**Task to carry out**
Would you copy only the lines below, from the one containing "hermosa mariposa aterrizando" through the very last one, leaving the pictures out?

**Information shown**
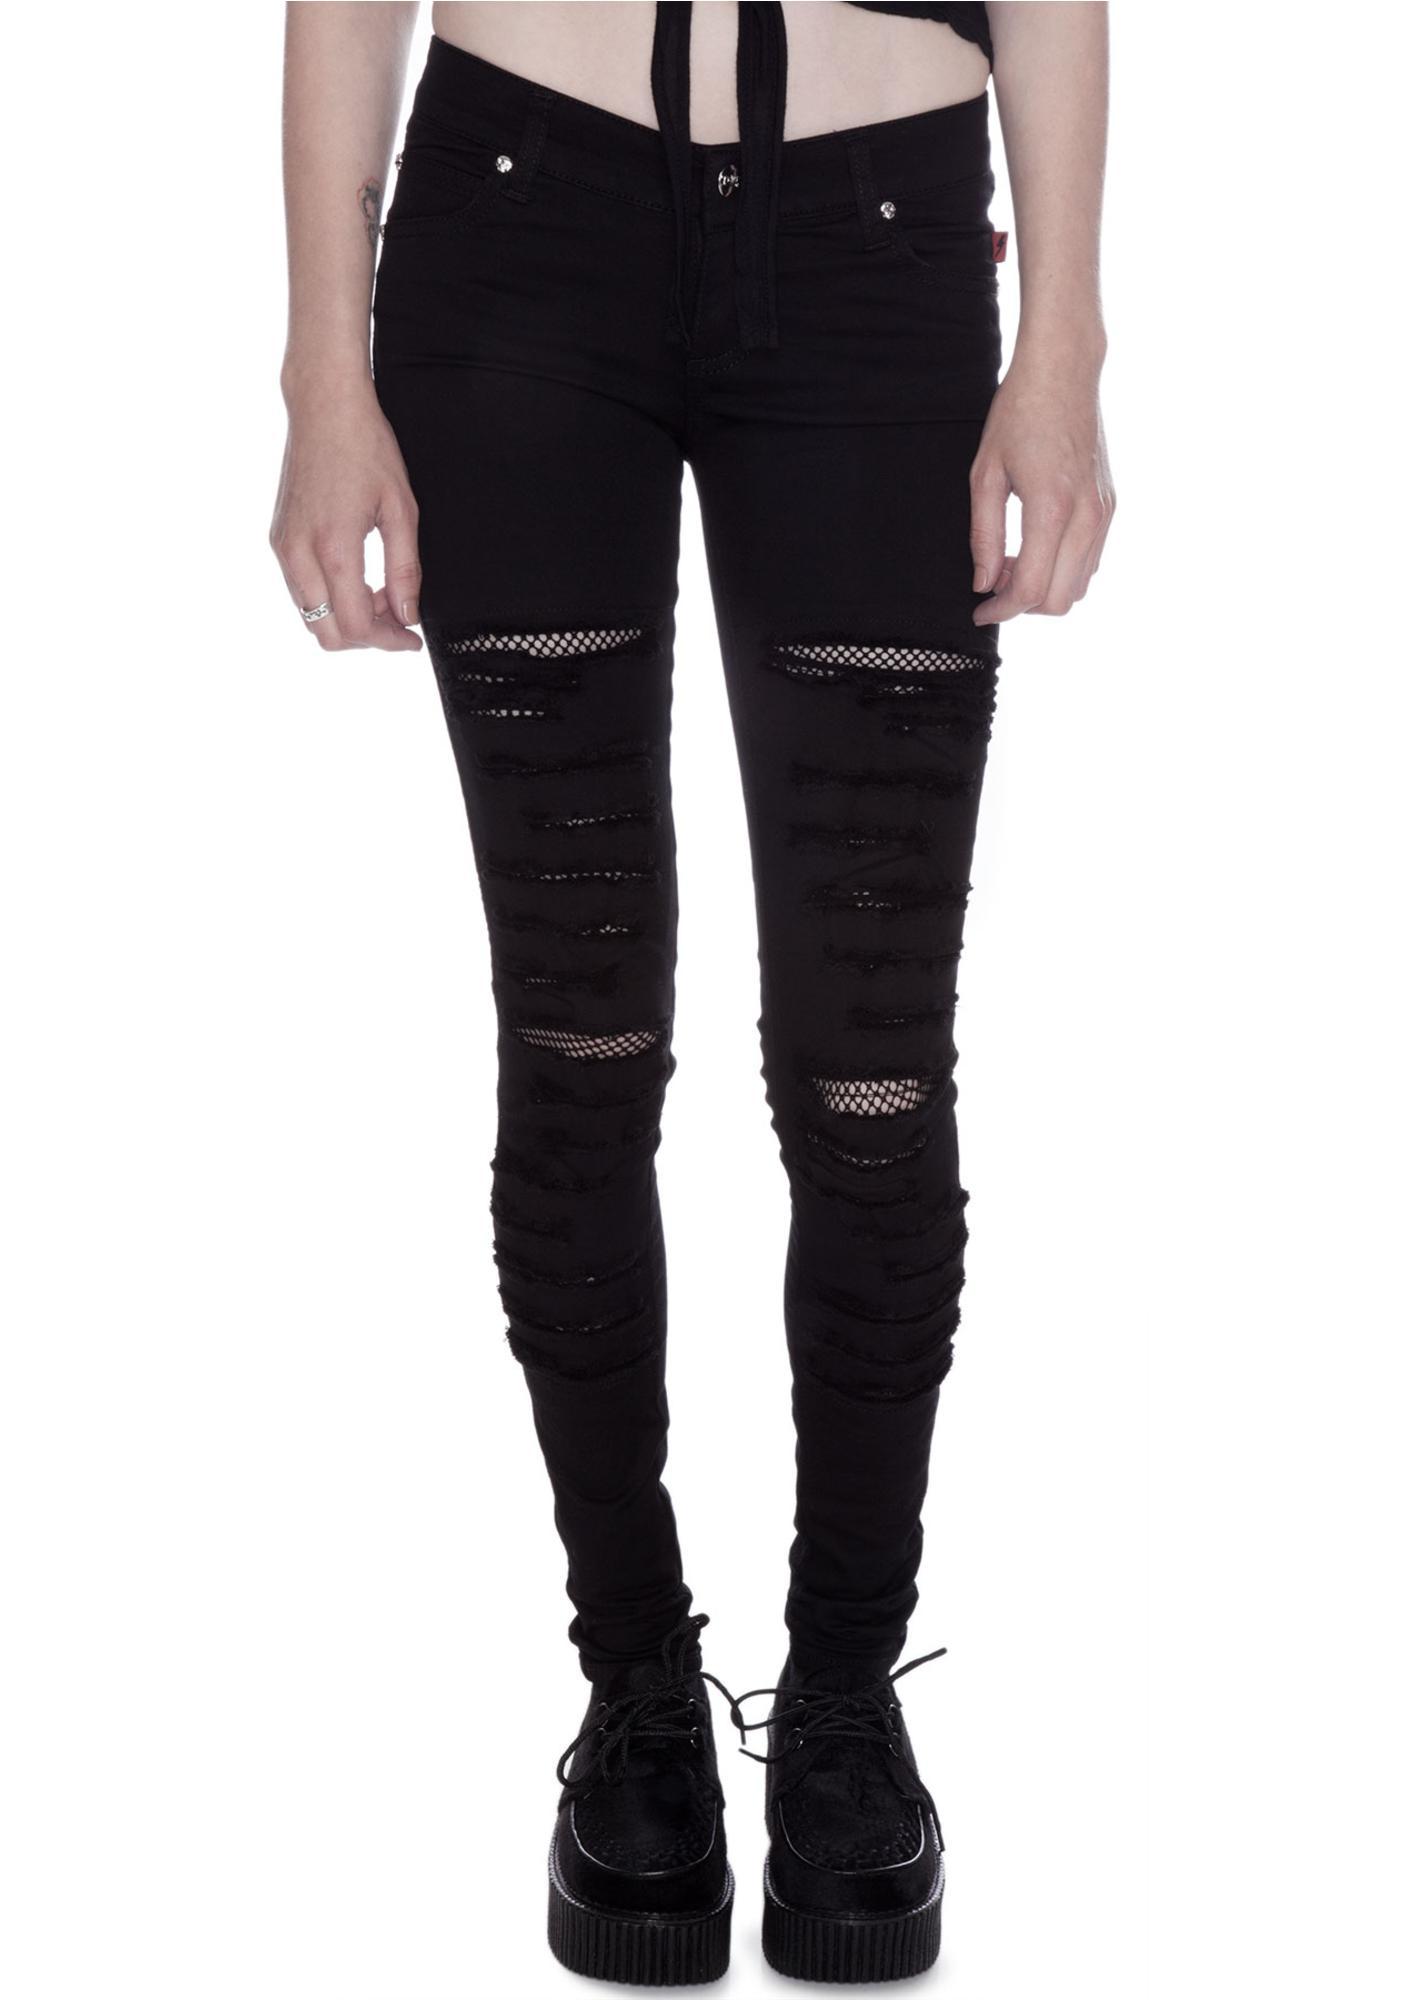 Tripp NYC Tear It Up Fishnet Jeans
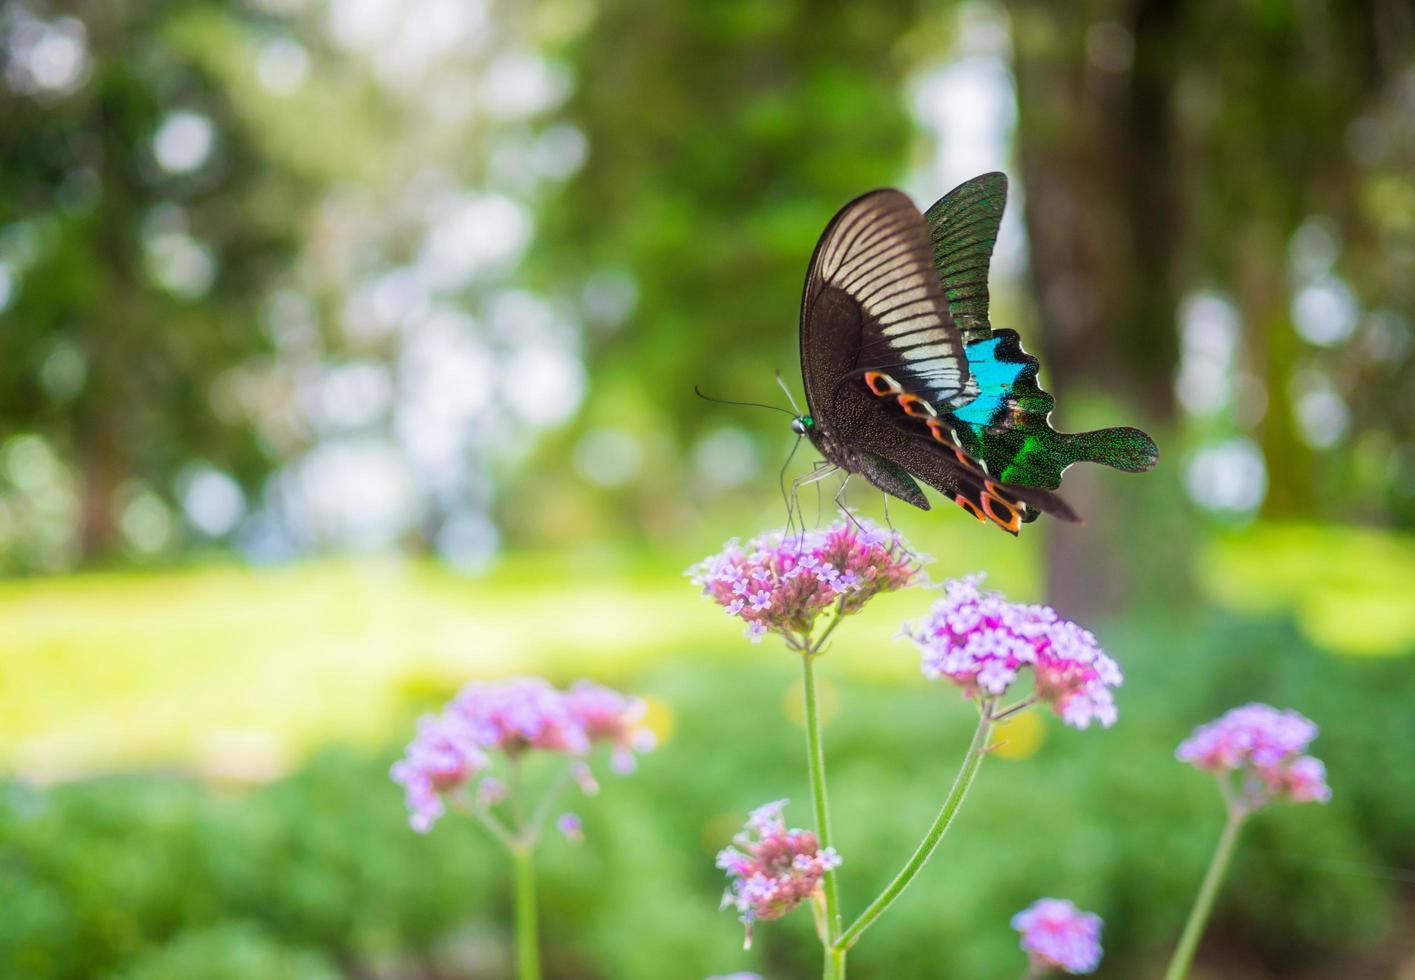 hermosa mariposa aterrizando en flores rosadas foto
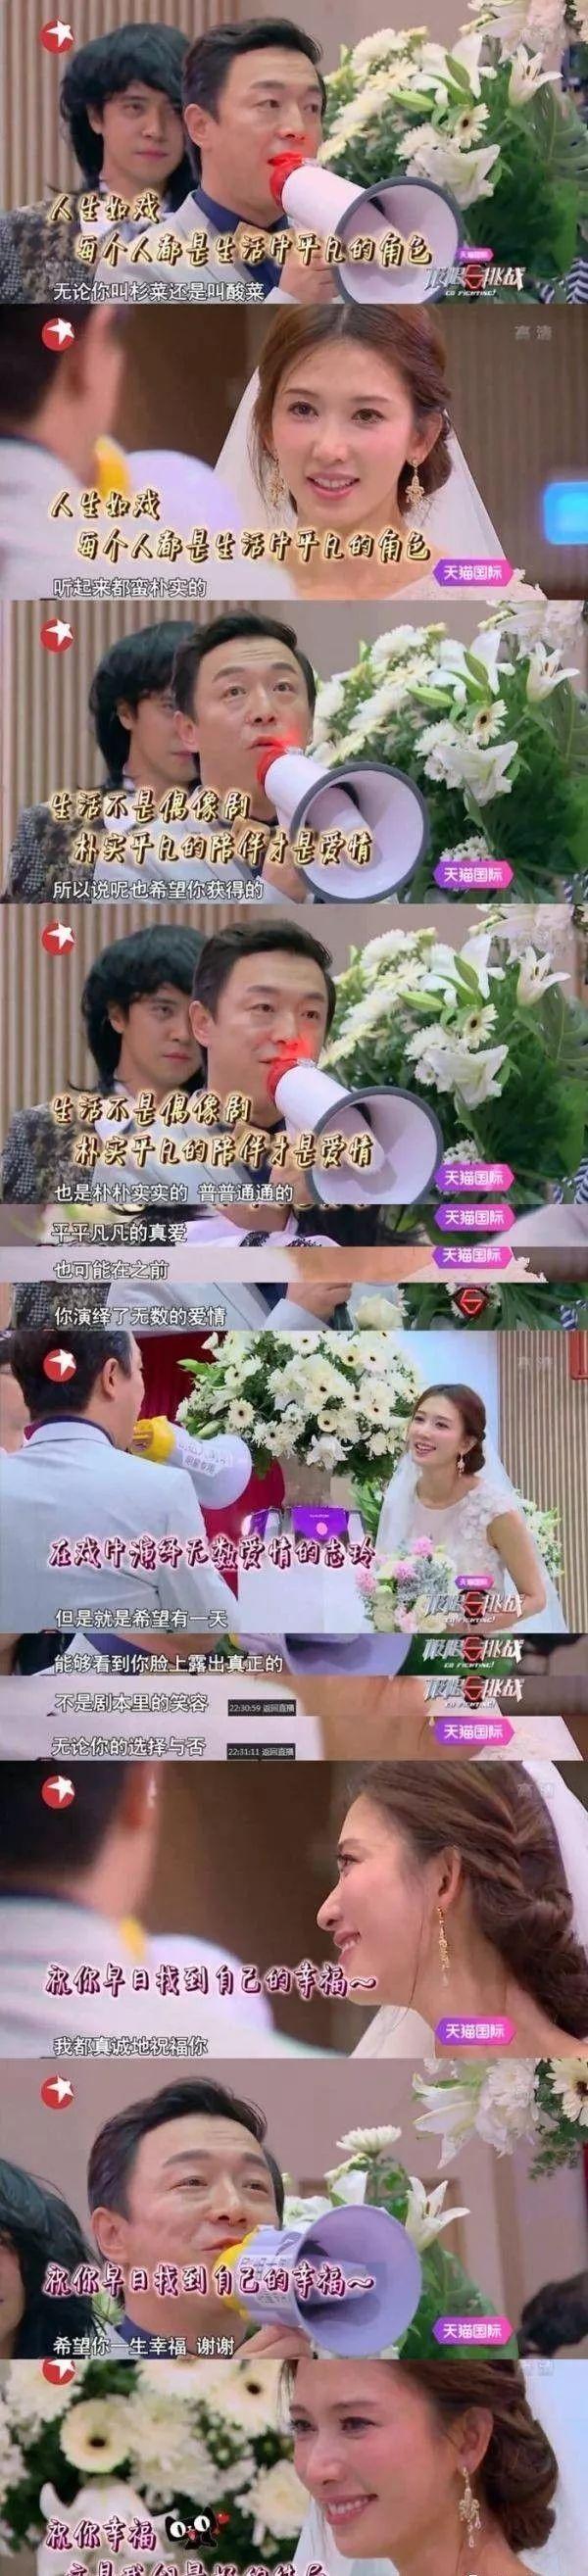 黄渤道歉火了:当智商和情商都高时,颜值就是个赠品-北京赛车信誉群

**Written answer**
 hermosa mariposa aterrizando en flores rosadas foto
 黄渤道歉火了:当智商和情商都高时,颜值就是个赠品-北京赛车信誉群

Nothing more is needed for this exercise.